# Crossley & Britsh Polar engines



## Stephen J. Card (Nov 5, 2006)

Just found two film on You Tube...

London River - A Review of Crossley Engines (c.1954)

&

British Polar engine Start Up



The first is one quite film on the river and good footage. The British polar Engine... well... sweet noise!

Stephen


----------



## chadburn (Jun 2, 2008)

Crossley two strokes were a great little engine, just needed a regular decoke.


----------



## Stephen J. Card (Nov 5, 2006)

chadburn said:


> Crossley two strokes were a great little engine, just needed a regular decoke.

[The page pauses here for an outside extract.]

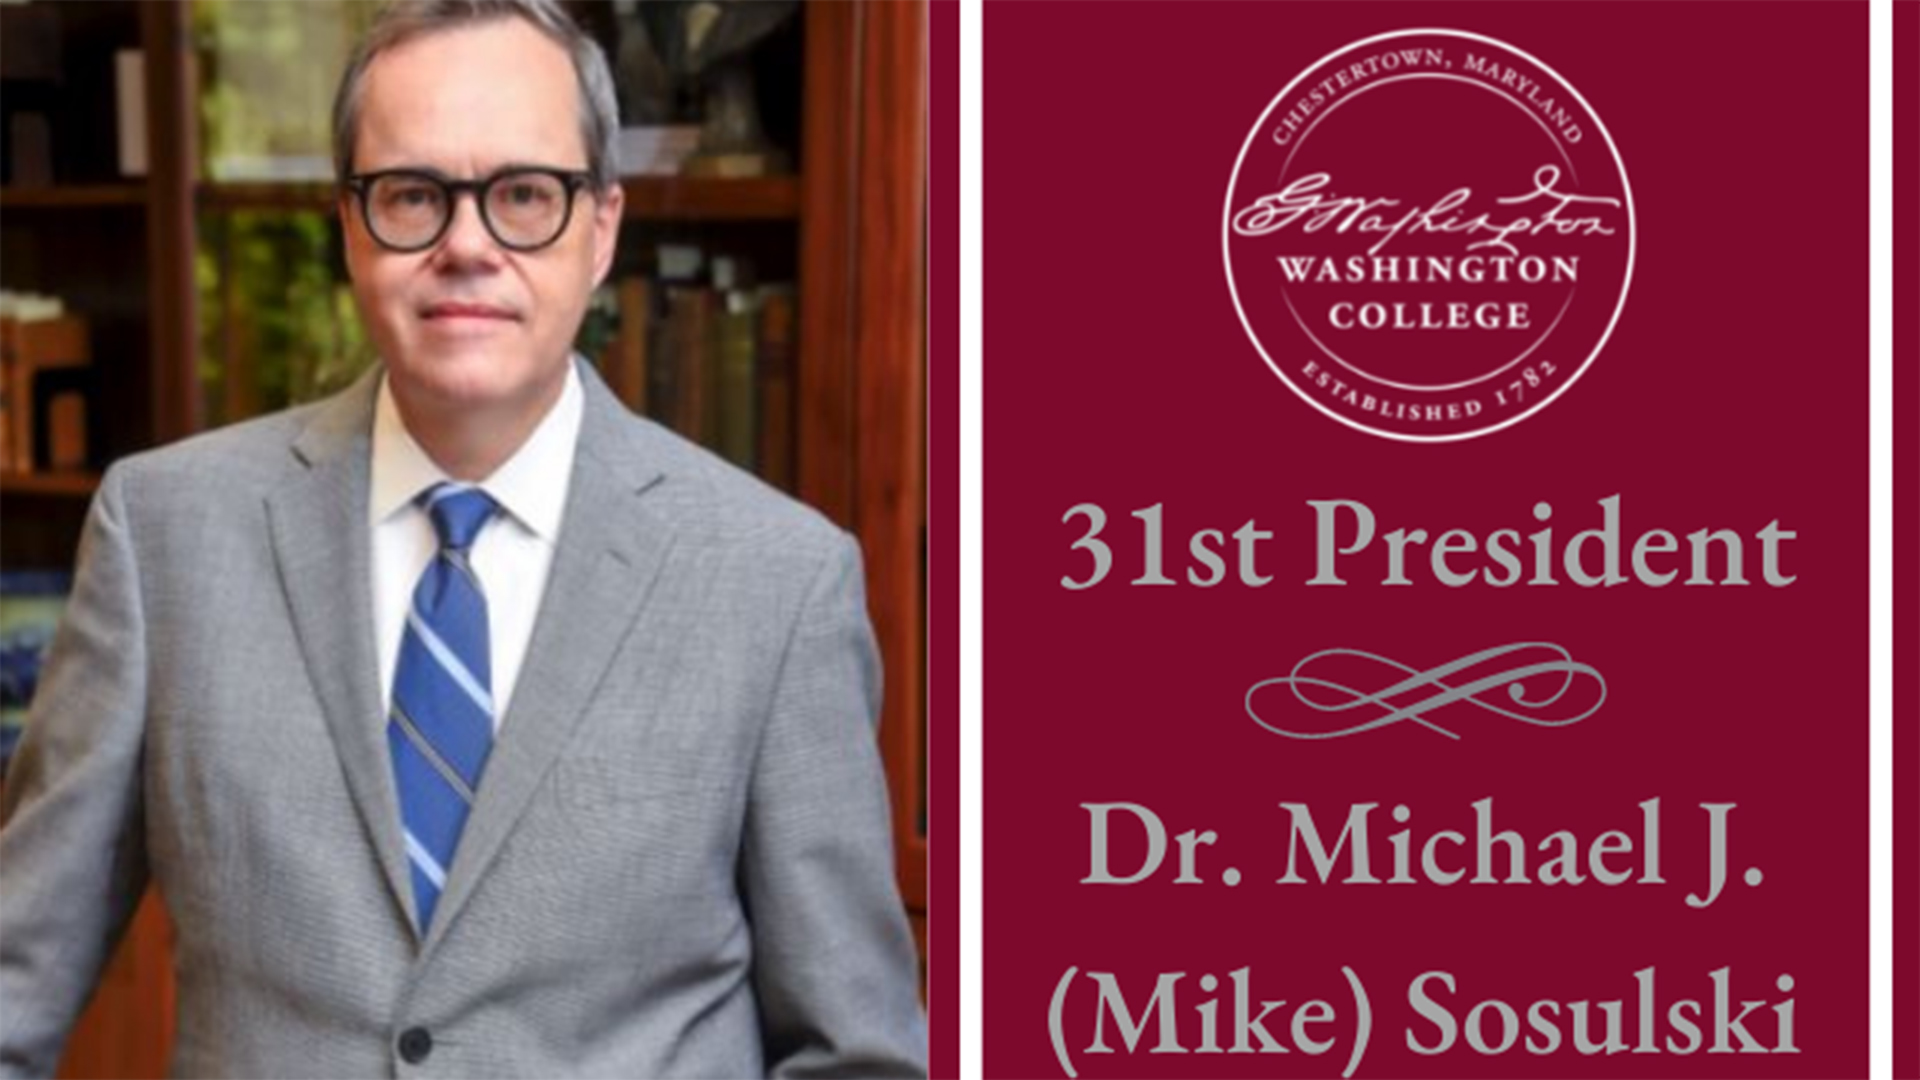 Washington College Names Michael J. Sosulski as 31st President

Had a pair of them in the Topsham and Tara II.... the former Red Funnel Tug/Tenders.... Gatcombe and Calshot. Gave long life for sure. Must admit that from the wheelhouse they were quiet... just enough to let you know that the revs were not at zero! It happened once.... even surprise the Chief and Second as well. Called down to the afterdeck asking what happen with the revs? He says, "I thought she was going rather slow as well!" 

Stephen


----------



## chadburn (Jun 2, 2008)

Good combination a Crossley 8 cyl and MWD gearbox, spent a period of time as Chief in the Home Trade whilst the first born was due down the slipway then it was back to the Foreign Trade.


----------



## Doxfordman (Mar 29, 2005)

Just been in Hong Kong, pretty sure the Star Ferries have Crossleys in them.


----------